▶ EXERCISE REQUIREMENTS: After removing every image, reproduce the data exactly as it appears.

▶ SUPPLIED MATERIAL:
+ + + +
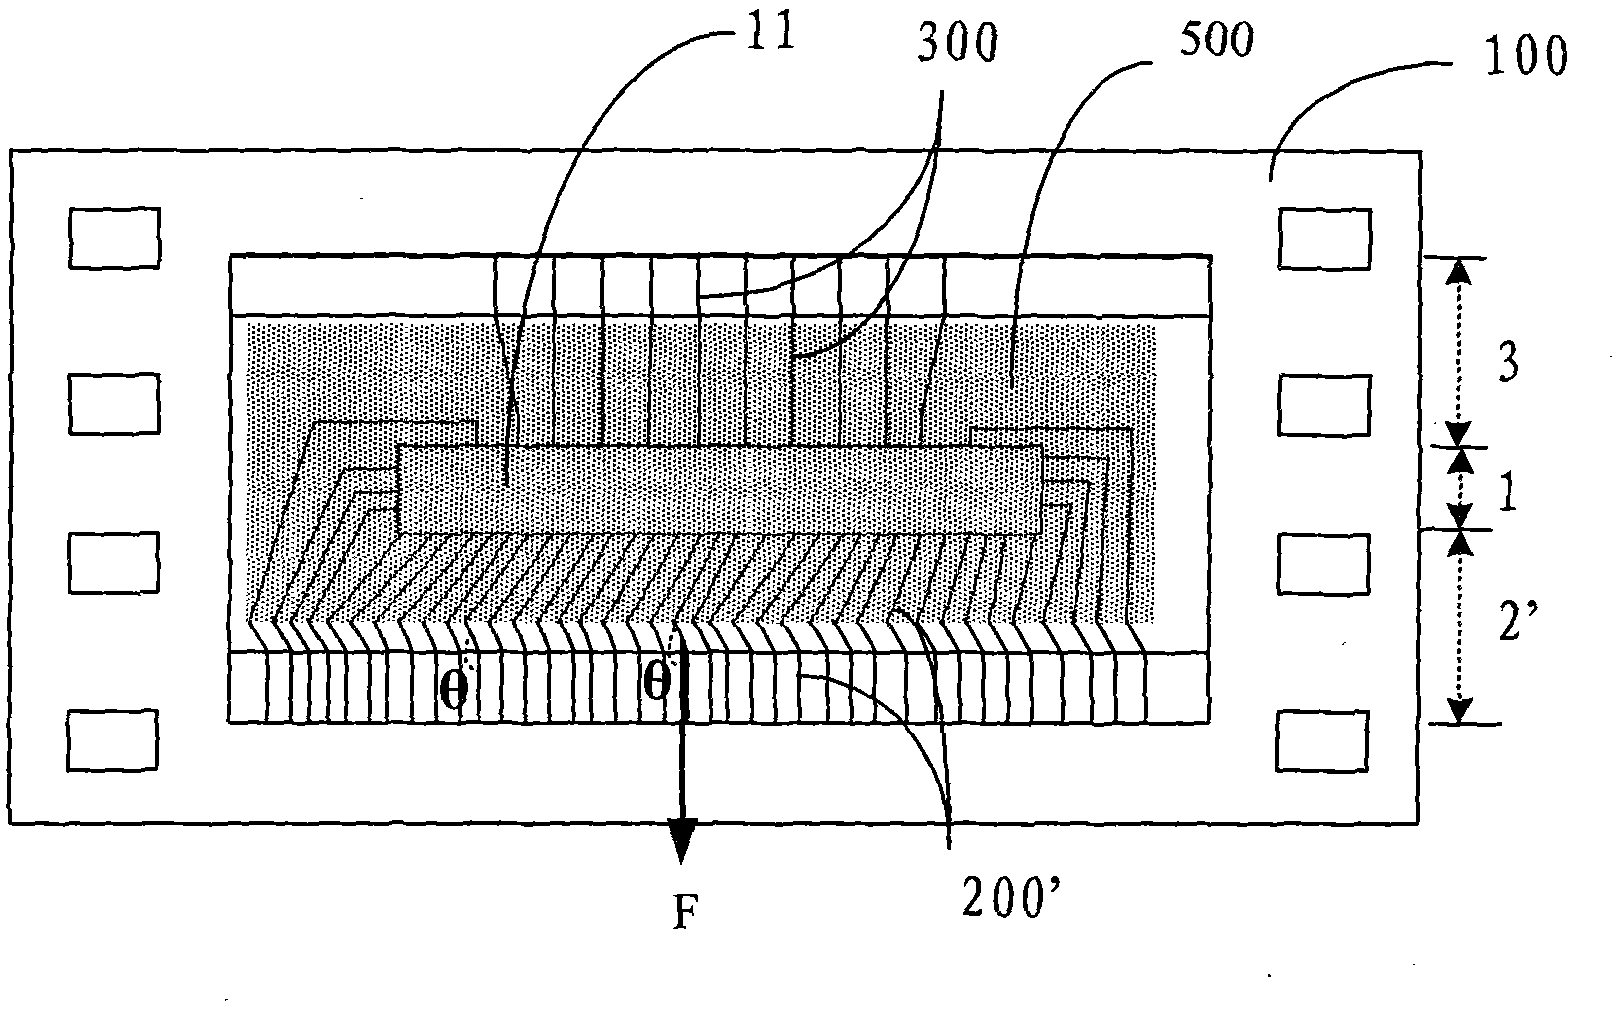 Flexible printed circuit board of flat panel display device
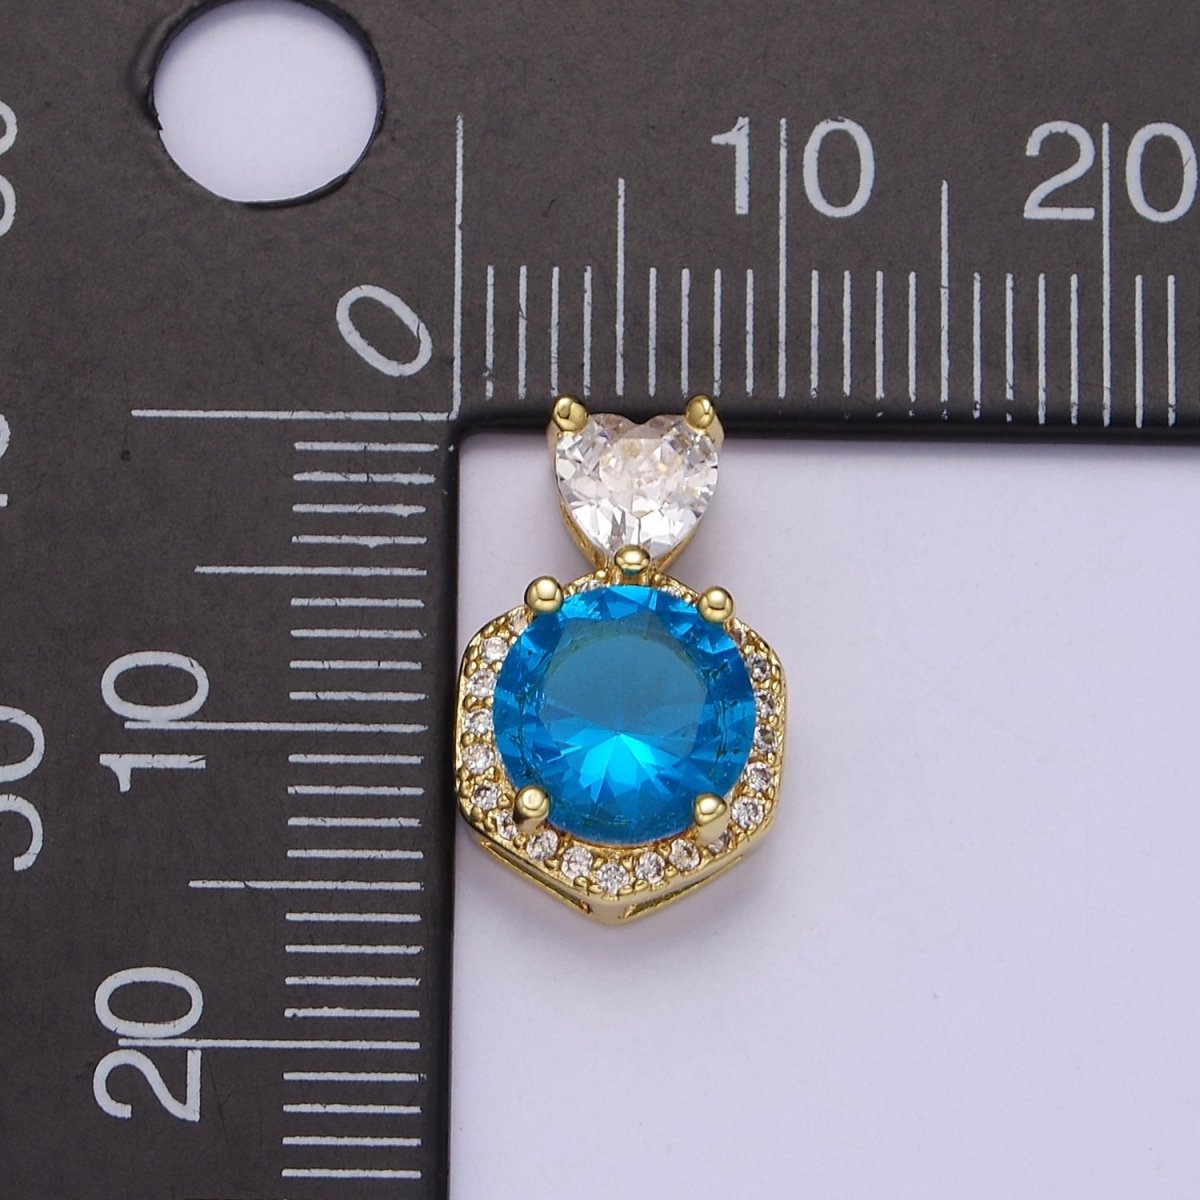 Multicolor Round Cubic Zirconia CZ Stone Pendant Charm with CZ Heart Bail For Jewelry Necklace Making J-567 J-568 J-569 J-575 - DLUXCA
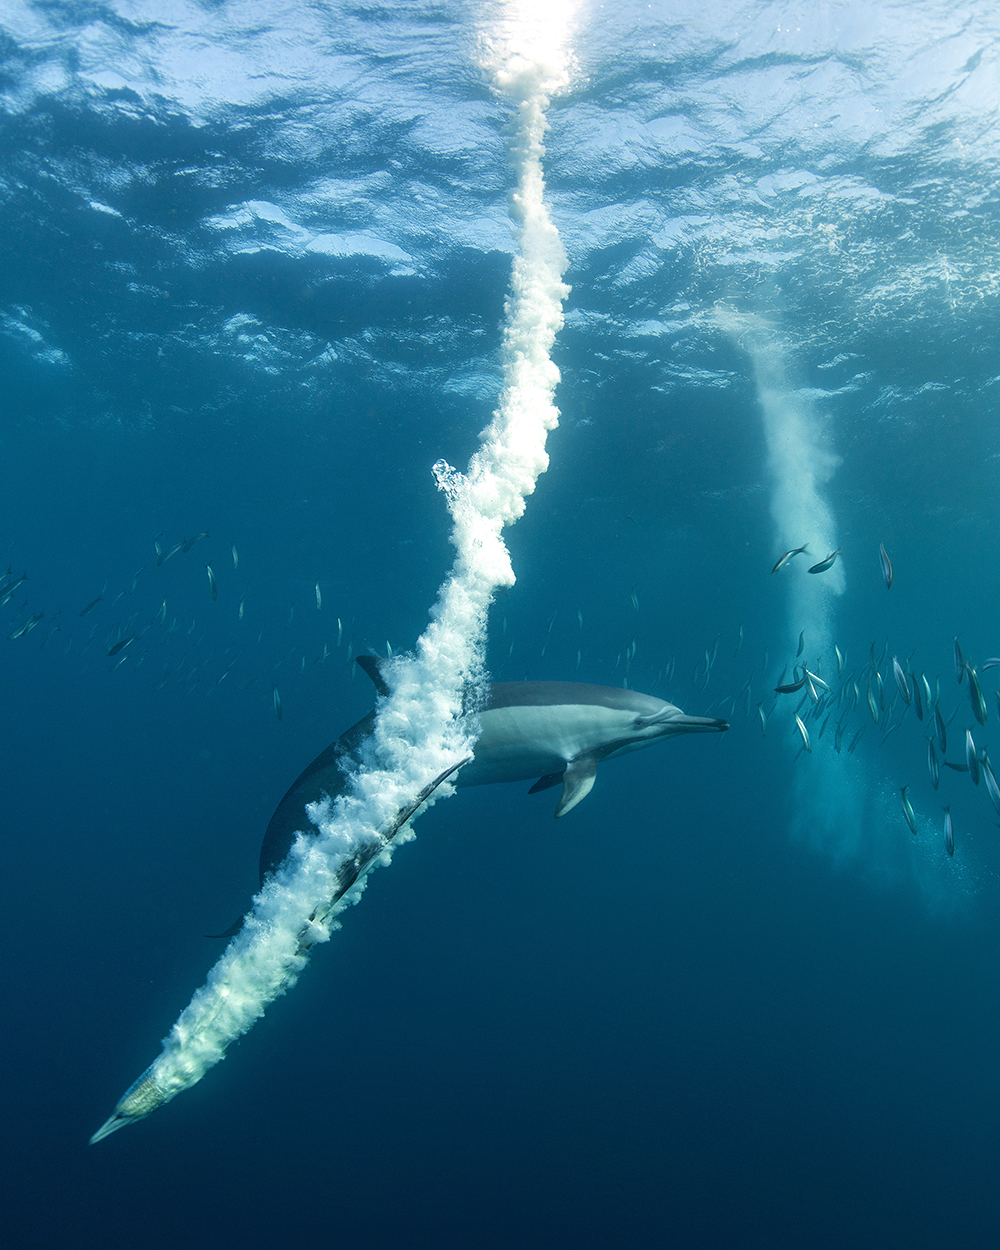 Dolphins, sardine run liveabaord
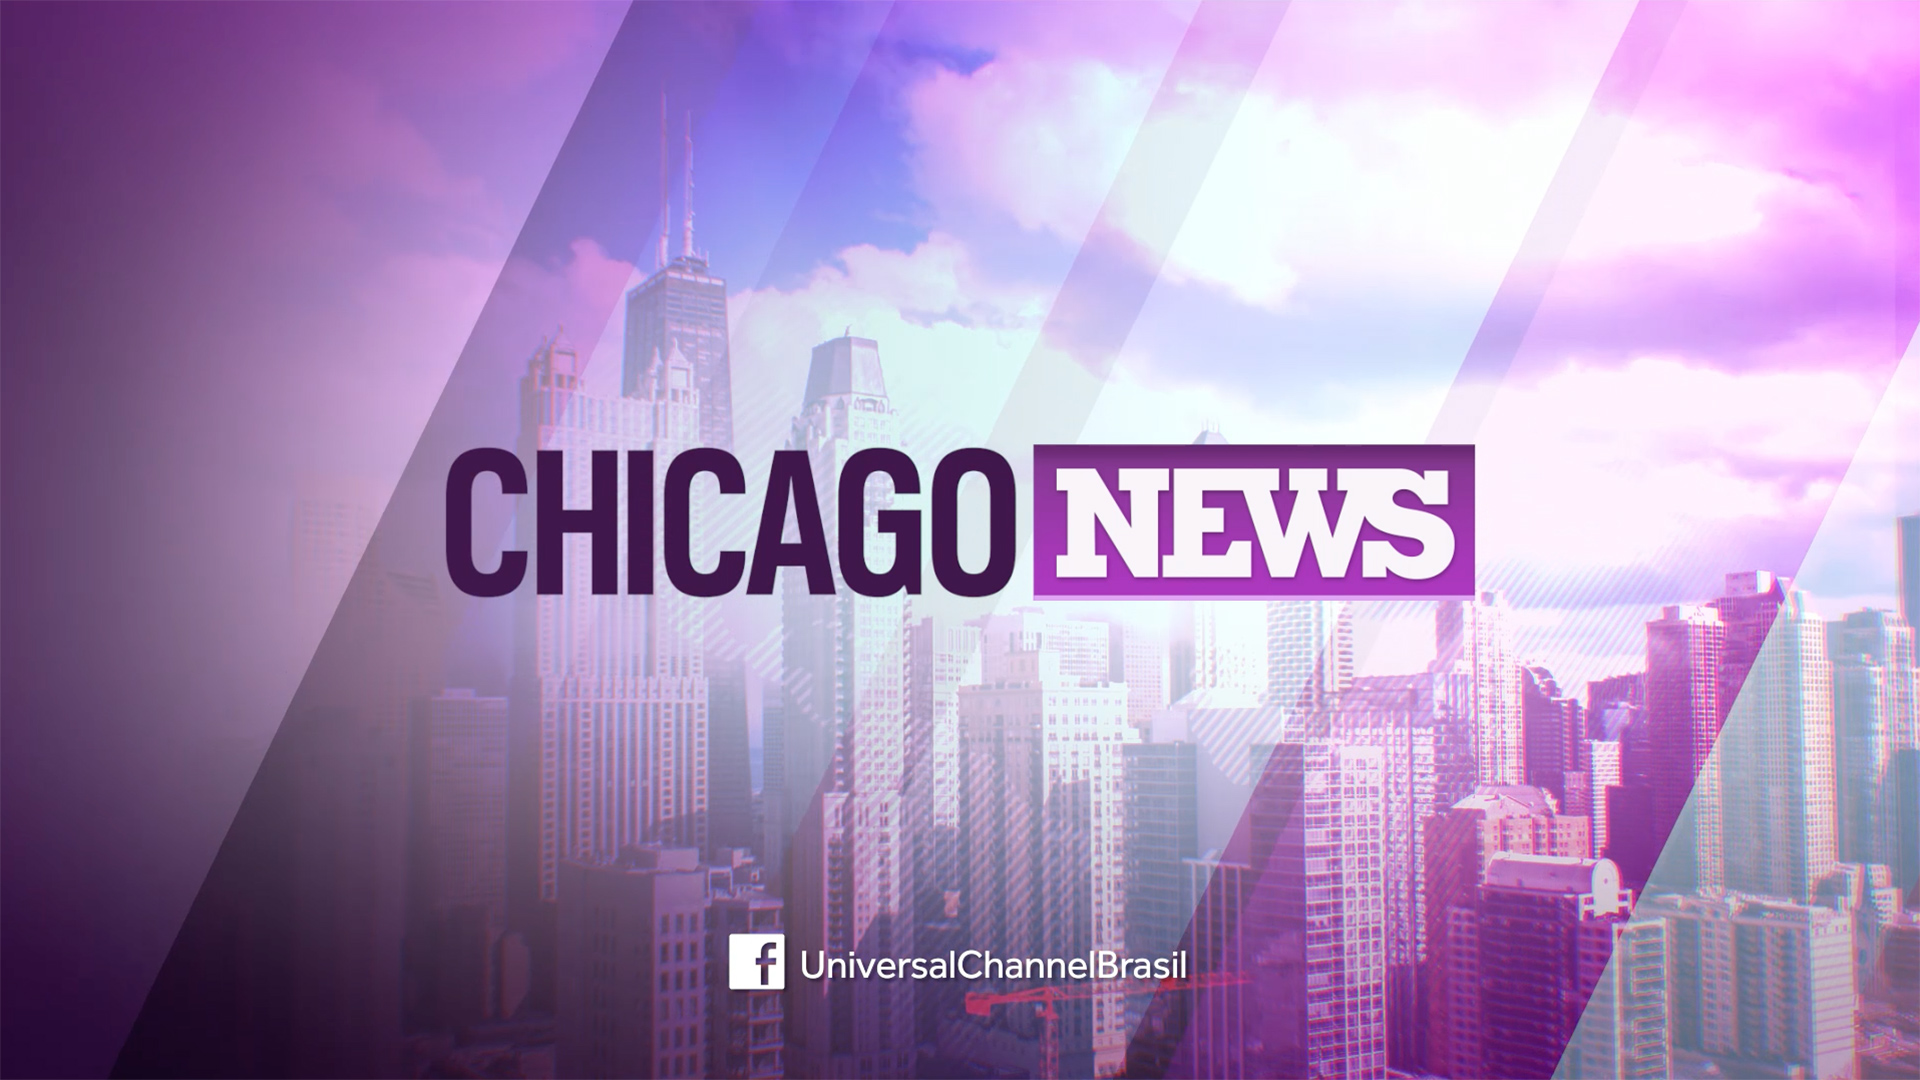 CHICAGO NEWS • VIDEO CASE
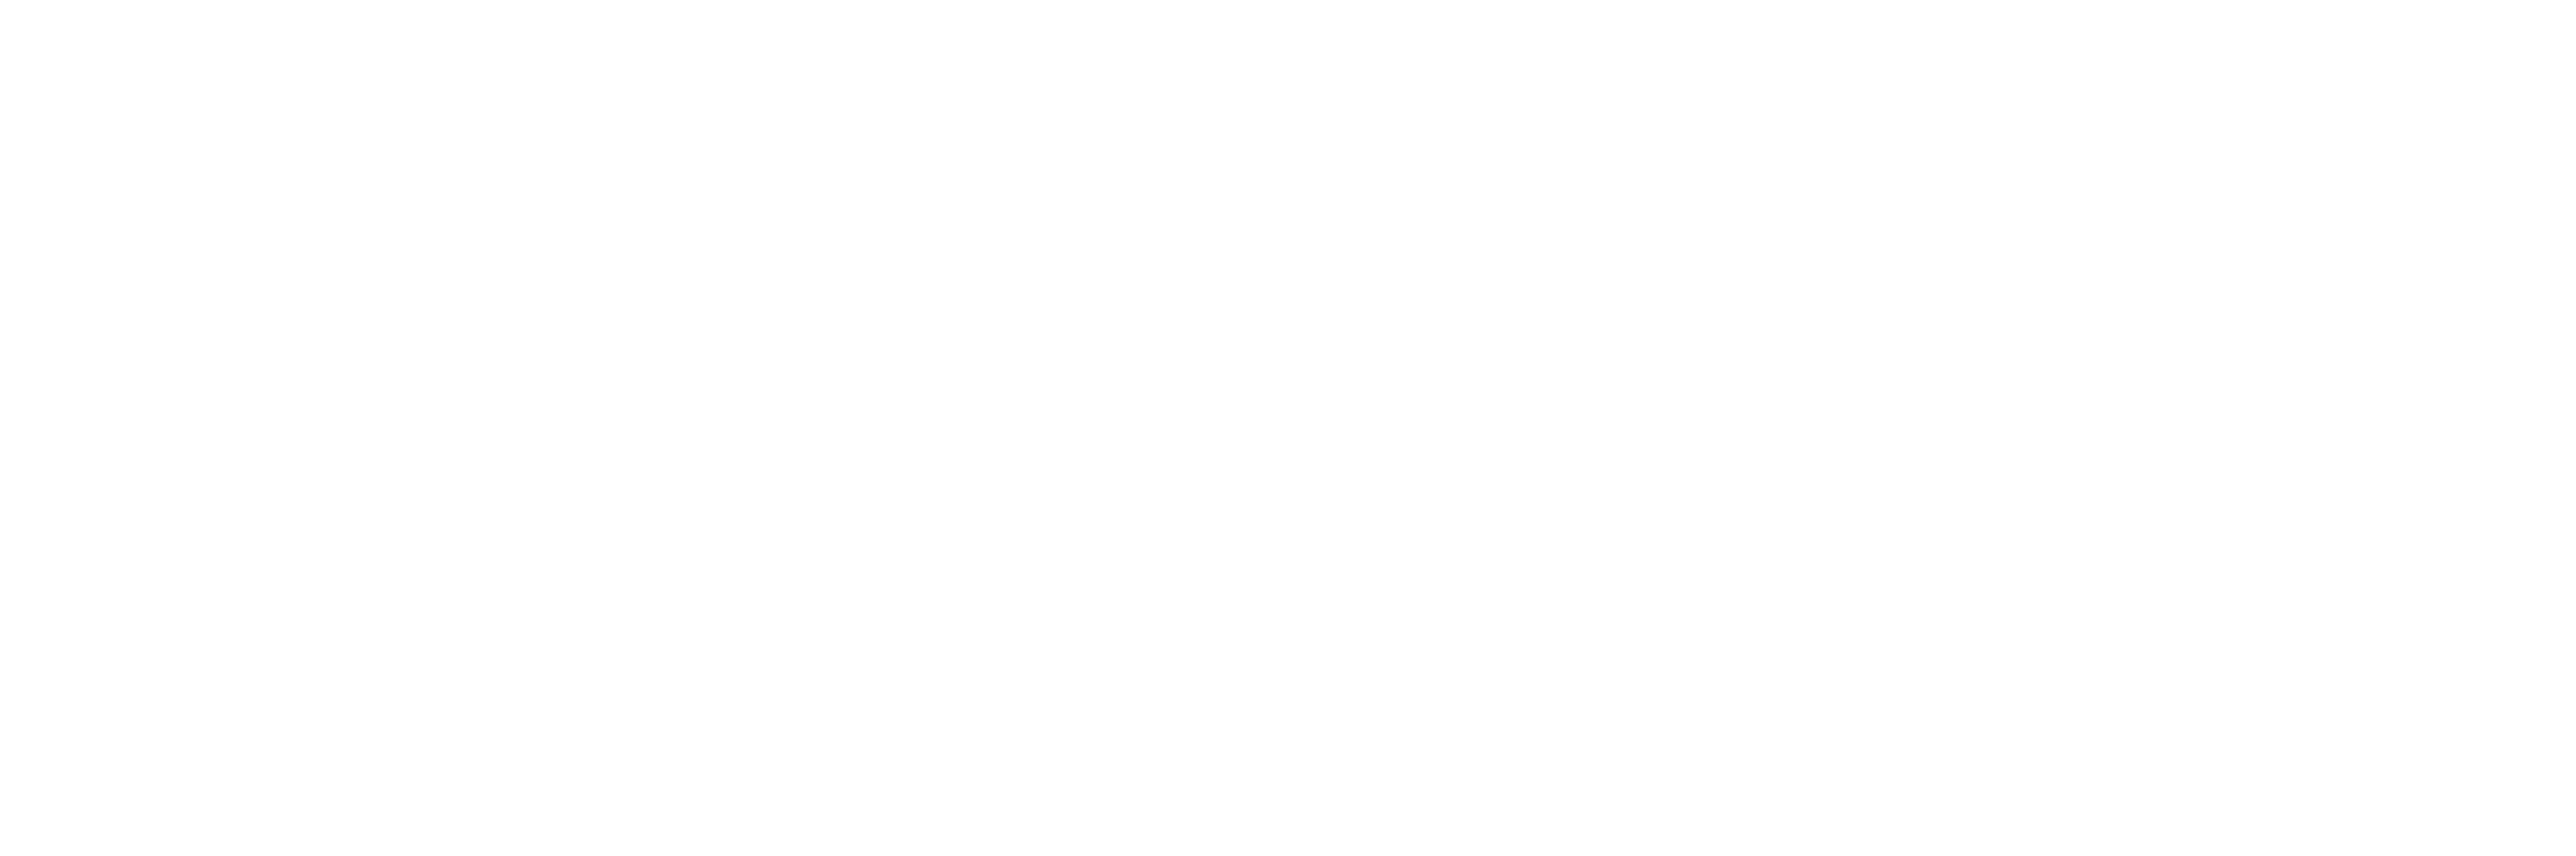 Washington Service Corps logo
+ + + +
▶ RESULT FOR THIS EXERCISE:
 Flexible printed circuit board of flat panel display device
 Multicolor Round Cubic Zirconia CZ Stone Pendant Charm with CZ Heart Bail For Jewelry Necklace Making J-567 J-568 J-569 J-575 - DLUXCA
 Dolphins, sardine run liveabaord
 CHICAGO NEWS • VIDEO CASE
 Washington Service Corps logo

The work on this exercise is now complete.